Georgia Peaches Bruised by Budget Cuts

By Justin Rohrlich Aug 01, 2011 3:15 pm

"The writing's on the wall -- we'll never again have someone at the University of Georgia who is 100% dedicated to peaches," says the head of UGA's Horticulture Department.



If Detroit couldn’t have survived without General Motors (GM), if the failure of Merrill Lynch (BAC) or Citi (C) would have threatened the very existence of Wall Street and tax breaks for Exxon Mobil (XOM) and ConocoPhilips (COP) are “in the national interest,” then what to make of the University of Georgia “officially closing its peach program” at the end of July?

In fact, Georgia’s peach program still exists, Dr. Douglas Bailey, the head of Georgia’s Department of Horticulture, tells Minyanville. However, budget cuts have had a severe effect on the state of the peach in The Peach State.

“We’re going to try and make some adjustments as people retire, but things won’t ever be the same,” he says.

Bailey emphasizes that the university is “still offering support” to Georgia’s peach growers but “not nearly as much as what we could offer in the past.”

“Last month, we were forced to close out our entire peach research and extension program on a USDA tree nut station in Byron, just south of Macon,” Bailey explains. “We’ll never be able to replace that.”

Though Georgia ranks third (behind South Carolina and California) in terms of overall peach production, the fruit -- which was first introduced to the Georgia coast by Franciscan monks in 1571 -- is as inextricably linked to Georgia as the Dodgers are to Brooklyn, or steel is to Pittsburgh.

Okay, bad examples. But Bailey says that an era has indeed ended.

“The writing’s on the wall -- we’ll never again have someone at the University of Georgia who is 100% dedicated to peaches,” he says.

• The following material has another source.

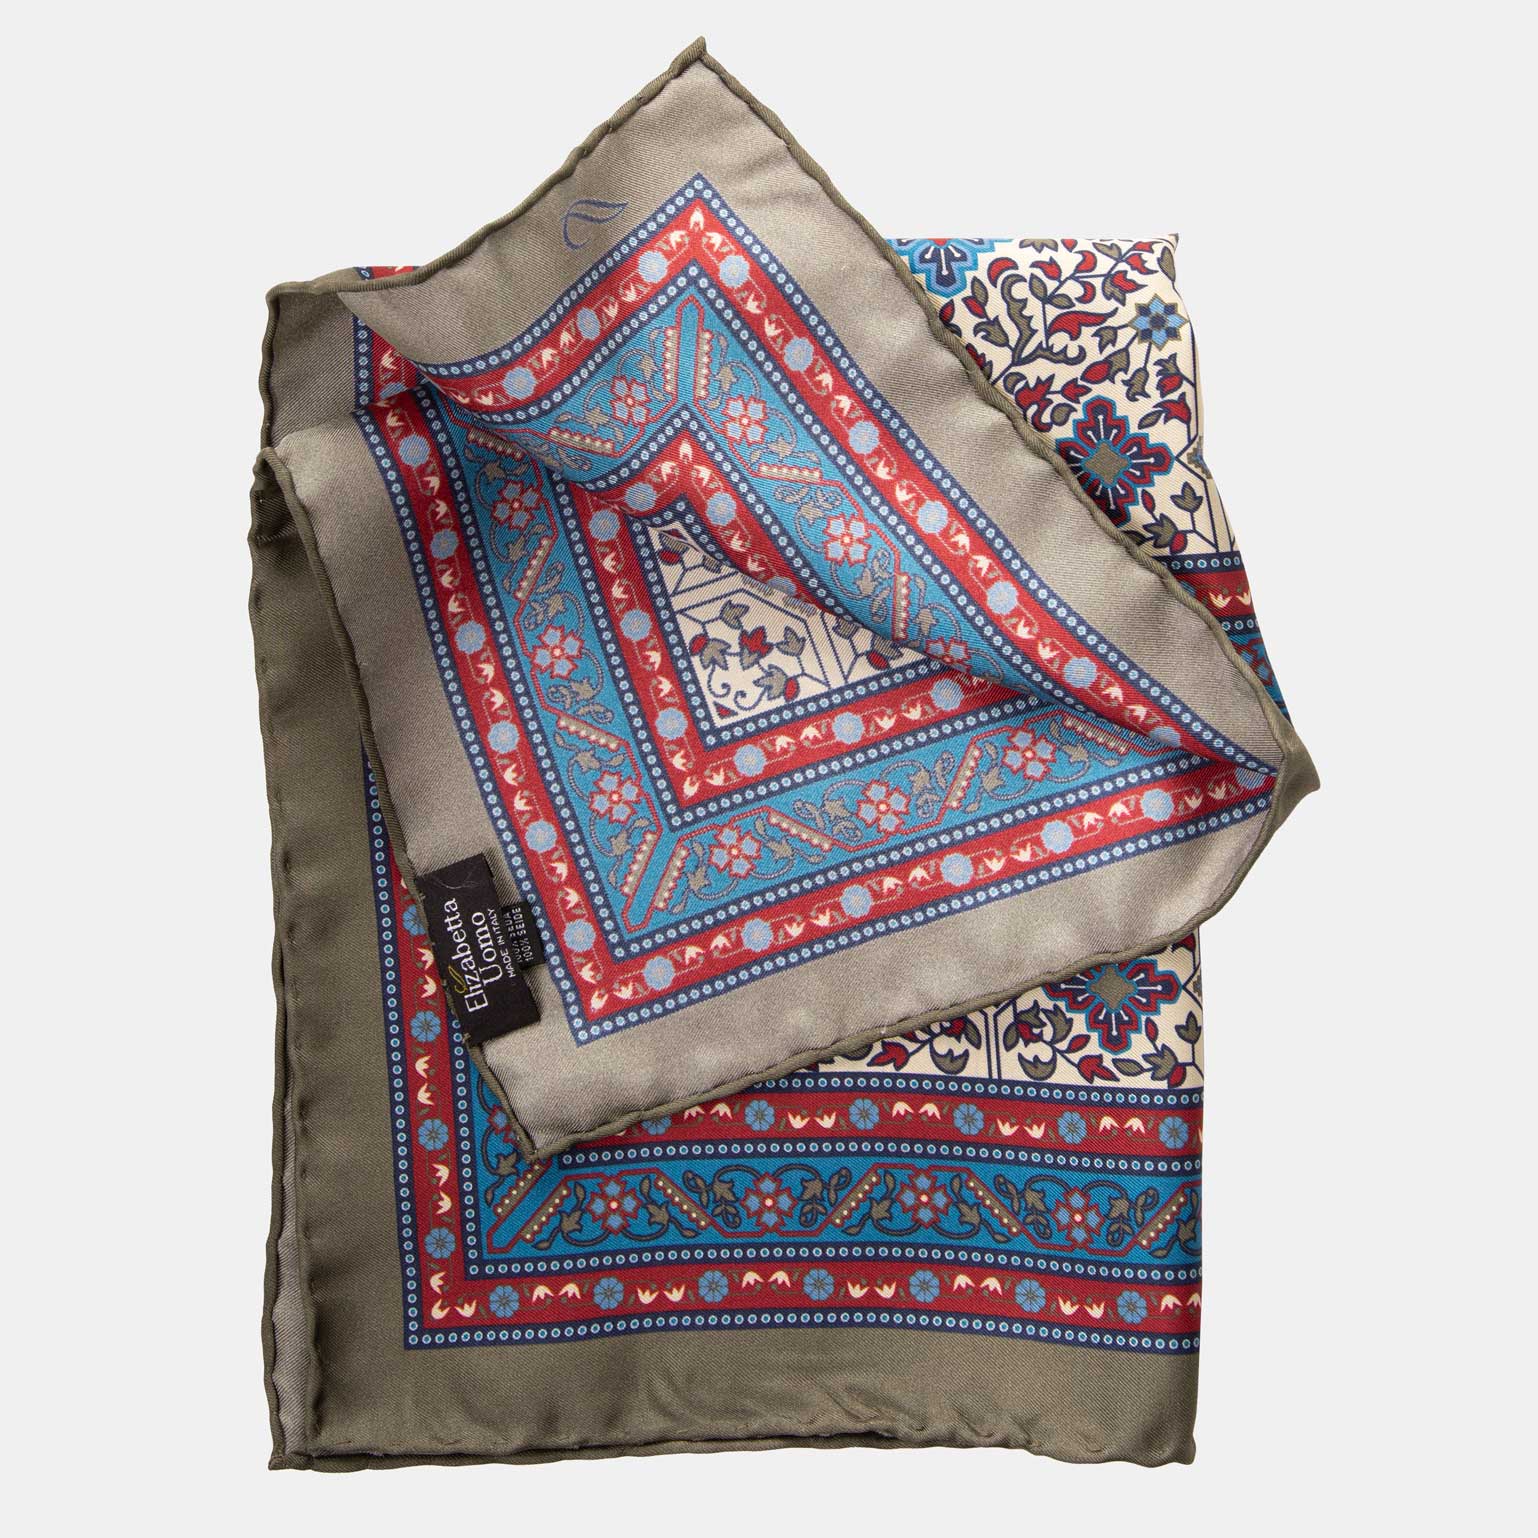 Brown Black Mens Pocket Square - Premium Silk Handkerchiefs for Suits –  Amedeo Exclusive

This has Bailey and his colleagues scrambling to plug holes that seem to be multiplying exponentially.

“We’ll likely merge peaches with blueberries,” he says. “It’s not the best solution, but we’ve got to do something.”

Of course, Georgia’s combined peach/blueberry program presents its own set of challenges.

“The blueberry industry is the most rapidly growing horticultural component in Georgia right now; it’s over $100 million annually,” Bailey says. “We’ve already lost that specialist and researcher and haven’t been able to get the position back.”

Meanwhile, Bailey and his colleagues are doing what they can to keep the peach industry’s metaphorical head above water.

“We recently brought in a part-time county extension agent, just to put out peach fires,” Bailey says. “And we still have our peach entomologist, so… I just hope we’ll eventually be able to provide the same services to the peach industry that we once did.”

In any case, now is hardly the time to weaken Georgia’s peach program.

As a Georgia Department of Agriculture employee (who wished to remain anonymous for obvious reasons) told the New York Times last week, “I understand unofficially that the best and the most tasty peaches are in Spartanburg County in South Carolina.”